Friday, March 7, 2014

Making God Laugh

There is a line that says "If you want to see God laugh, just tell him your plans."

I believe it's true. I can document some of the chuckles I have given God over the years.

In my early years I followed what came naturally. I graduated from school, went to college, met the love of my life, got married, had kids....I followed the pattern. Then Larry decided he wanted to change jobs. He got a new job. He wanted to move south. I wanted to move north. I thought New England was the perfect place to be. (Of course, the only time I had ever spent in New England had been in the summer. It was beautiful. It was friendly. It was fun. Let's go there!!) Or Colorado. (It has mountains. It is beautiful. Let's go there!) Larry checked the statistics for salesmen in fishing and hunting. He was looking around. I thought to myself, PLEASE, NOT the SOUTH!!!! So he picked Florida. Ok, Technically, Florida is just a northern state that was placed south of Georgia, so maybe God was just looking for a giggle, not a real laugh.

7 years later:
I have finally adjusted to living in Florida. I've decided it's ok if I stay here. It took awhile, I know. I was a reluctant transplant. For the first time since we've moved here I've made plans for the fall. I will be my daughter's Girl Scout leader. The phone rings..... within hours I've discovered we are moving to Ft. Lauderdale. There are only 2 places in the U.S. I don't want to live. California and Miami. God apparently needs a pick-me-up. Time for a chuckle. Send her to Ft. Lauderdale. Her husband can work in Miami.

After 4 years of penance I am returned to that place I didn't want to be in the first place, Tampa. And I am THRILLED!!!!! I can not tell you how happy I am to be back there. Ironic isn't it? God has a great sense of humor.

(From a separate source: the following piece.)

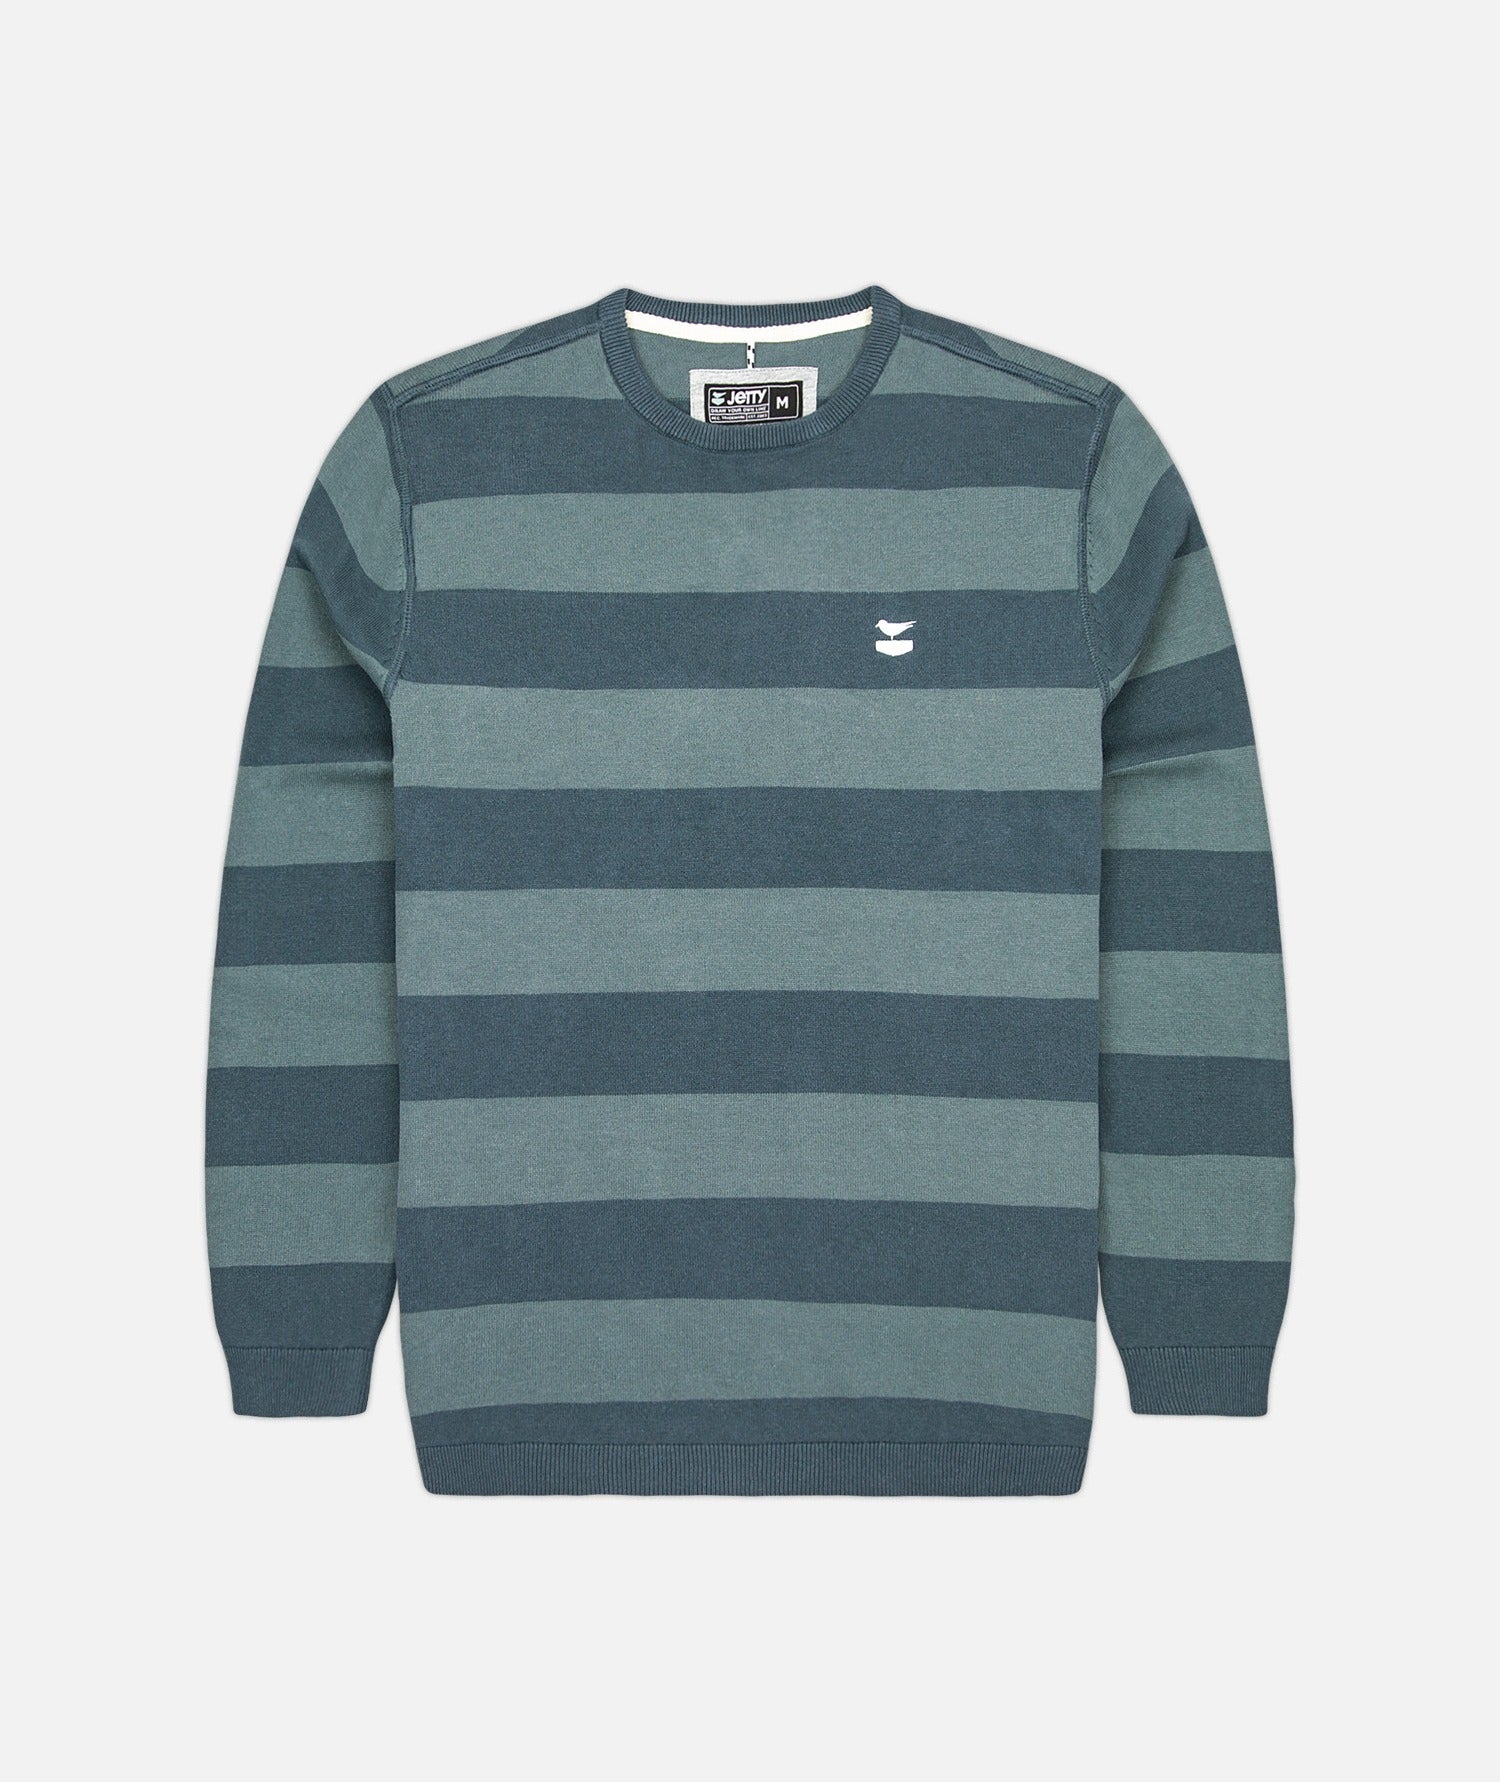 Group: Turner Sweater

Fast forward several years. My oldest daughter is approaching marriage. No proposal yet, but could be soon. I look at the church where we've been a member for years. These people have been a part of her life. I can see it. The pastor that will marry her, the organist that will play at the service. The couple in our church that can sing the solos at her service. I can see it all coming to fruition.....

There is not a happy ending here. Let's just say it never happened. 1) the pastor retired. 2) the organist and one of the soloists had an affair. 3) Fortunately, my daughter had her own plans and her own church so she had her own people lined up. I suspect God wasn't laughing. Perhaps there was a trickle of a tear. But there was a happy wedding, even if it wasn't what I had seen. And He was smiling.

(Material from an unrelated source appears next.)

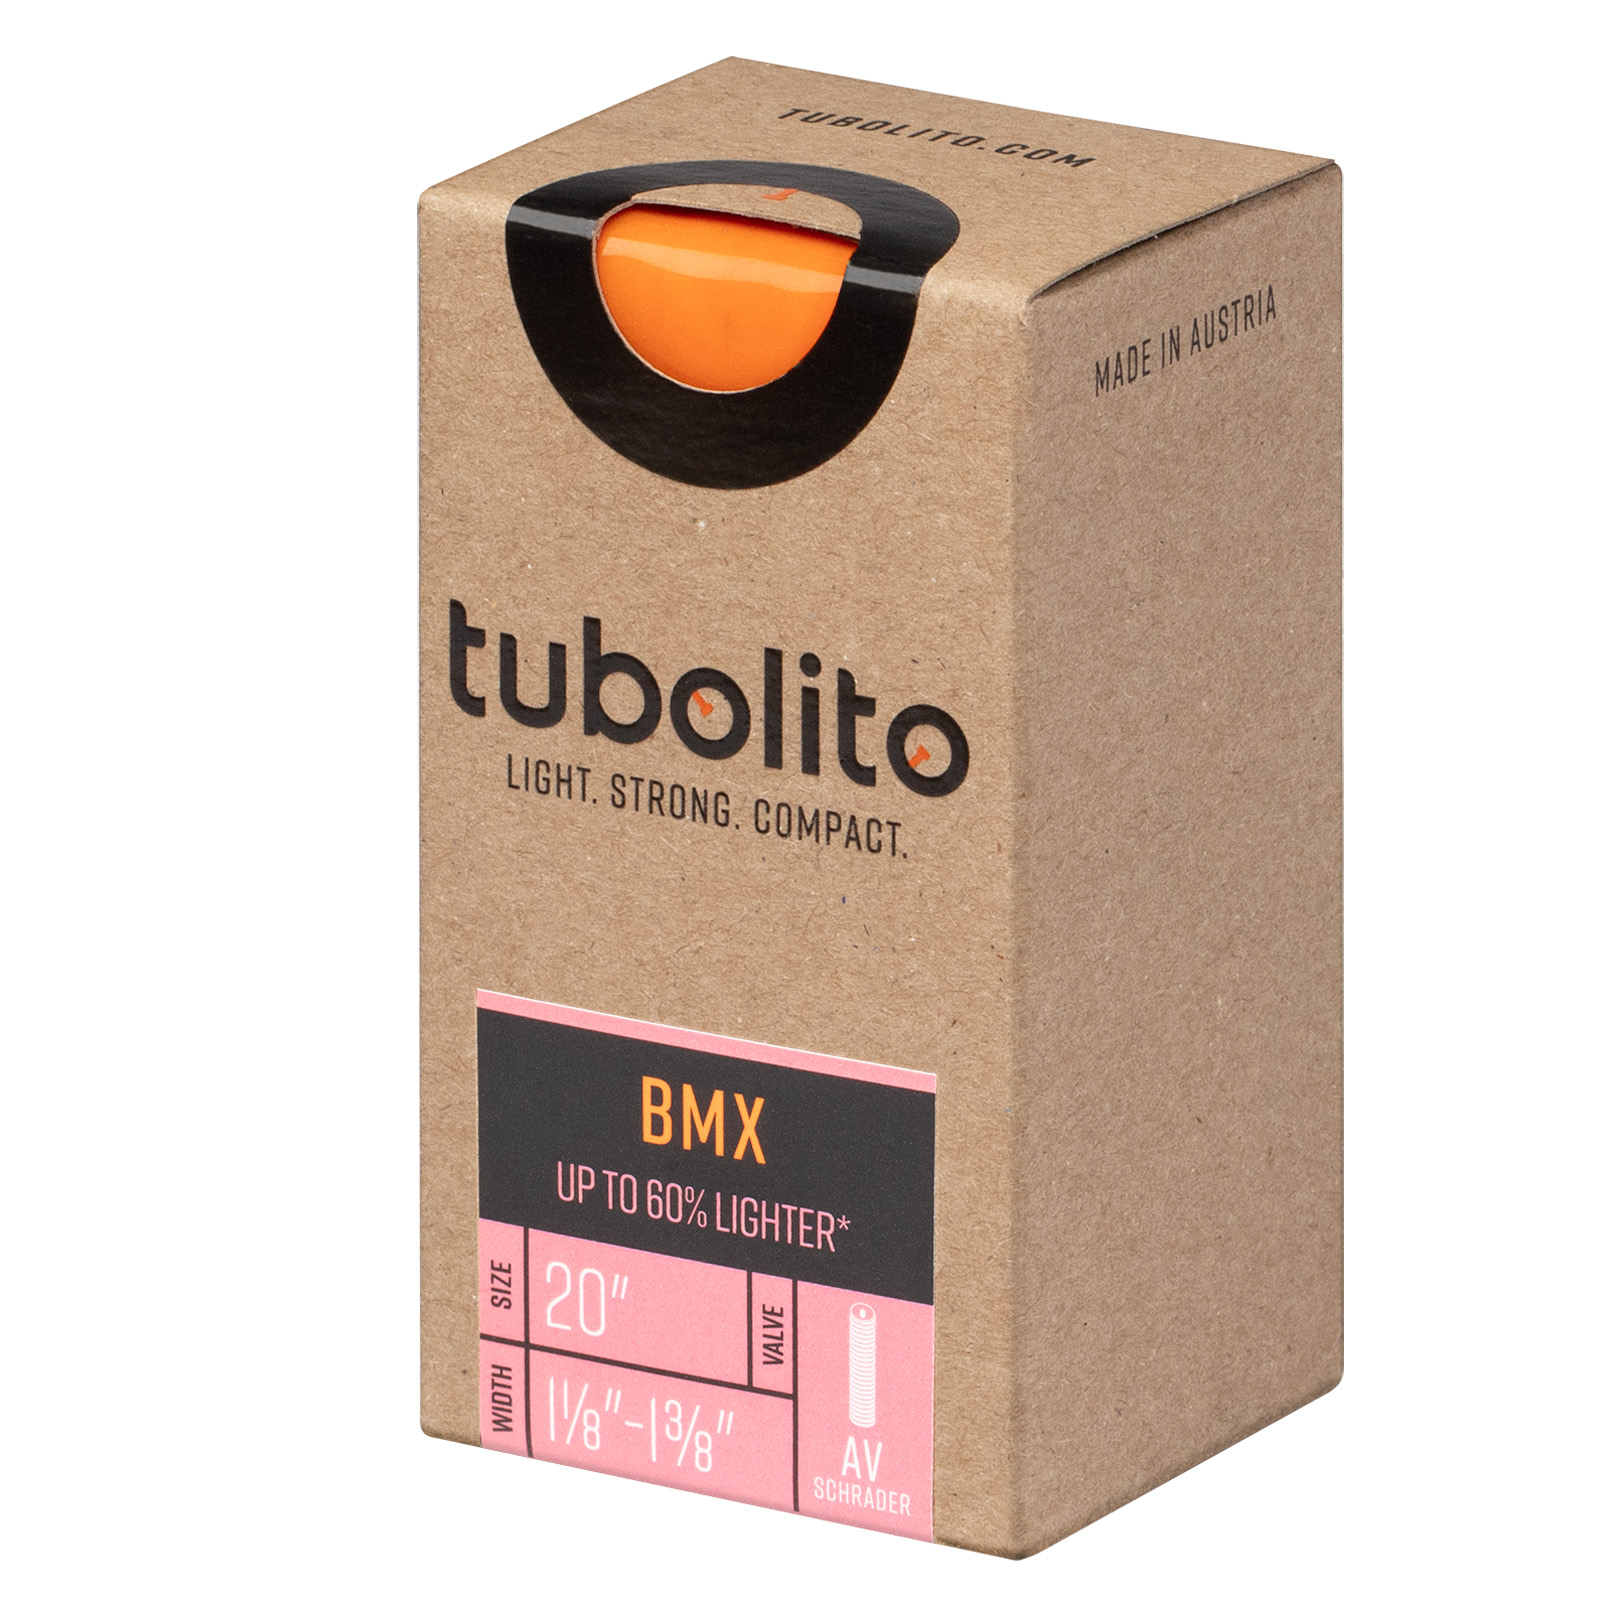 Productfoto van Tubolito Tubo BMX Tube - 20&quot;x1-1/8-1-3/8&quot; - Schrader Valve

2005--I can see the future. Although Larry and I moved away from our extended families, I have a great chance of having my kids around me in the future. Jen and Dave are in Orlando, with strong ties to the area. We have been in Florida for 25 years. Janice has proclaimed that she doesn't want to move from Florida. (HA)!  I'm feeling good. I never see it coming.

Jen starts the dominoes. She and her husband are looking at teaching positions in Charlotte, NC. I'm ok with that. A couple of months later, Janice announces she has been on eHarmony.com and met a guy named Mike who lives in Iowa. IOWA??????? (I can't tell you how long it took me to wrap my head around that!) Larry completes the Trifecta. His job is eliminated. He starts a nation-wide search. I can see all my plans collapsing around my head.

God must have needed a real belly laugh with this one. Jen stayed in Florida. Janice married and moved to Iowa, and we moved to PA. What happened to my vision of a family close by in Florida? (Author's note: I've been to Iowa many times now, and I really like it there. More importantly, so does Janice!)

What prompted this post? Why am I talking about all this history, now? The weather.

We, by that I mean most of the east, are having a crazy winter. Super cold is one part of it, but most areas are experiencing very high snowfalls. Recently, I was clearing snow for the 3rd day in a row. After a while it gets boring. And annoying. I get up in the morning and then try to decide if I need to shovel or get the snowblower out now, or later because it's still coming down.

As I was clearing it, I thought to myself, "It might be cold in Georgia but I won't be doing this!"

And the next morning I heard the weather report:" Extreme cold in the south and record snowfalls" for an area without snow removal equipment.

And I thought to myself, "REALLY GOD? Are you that bored? Are you laughing with me or AT ME????"

God has probably laughed at me more than this, but sometimes I'm too blind to see. All I know is that deciding I know my future is futile. But I'm sure I'll keep doing it. Someone has to bring a chuckle into His life.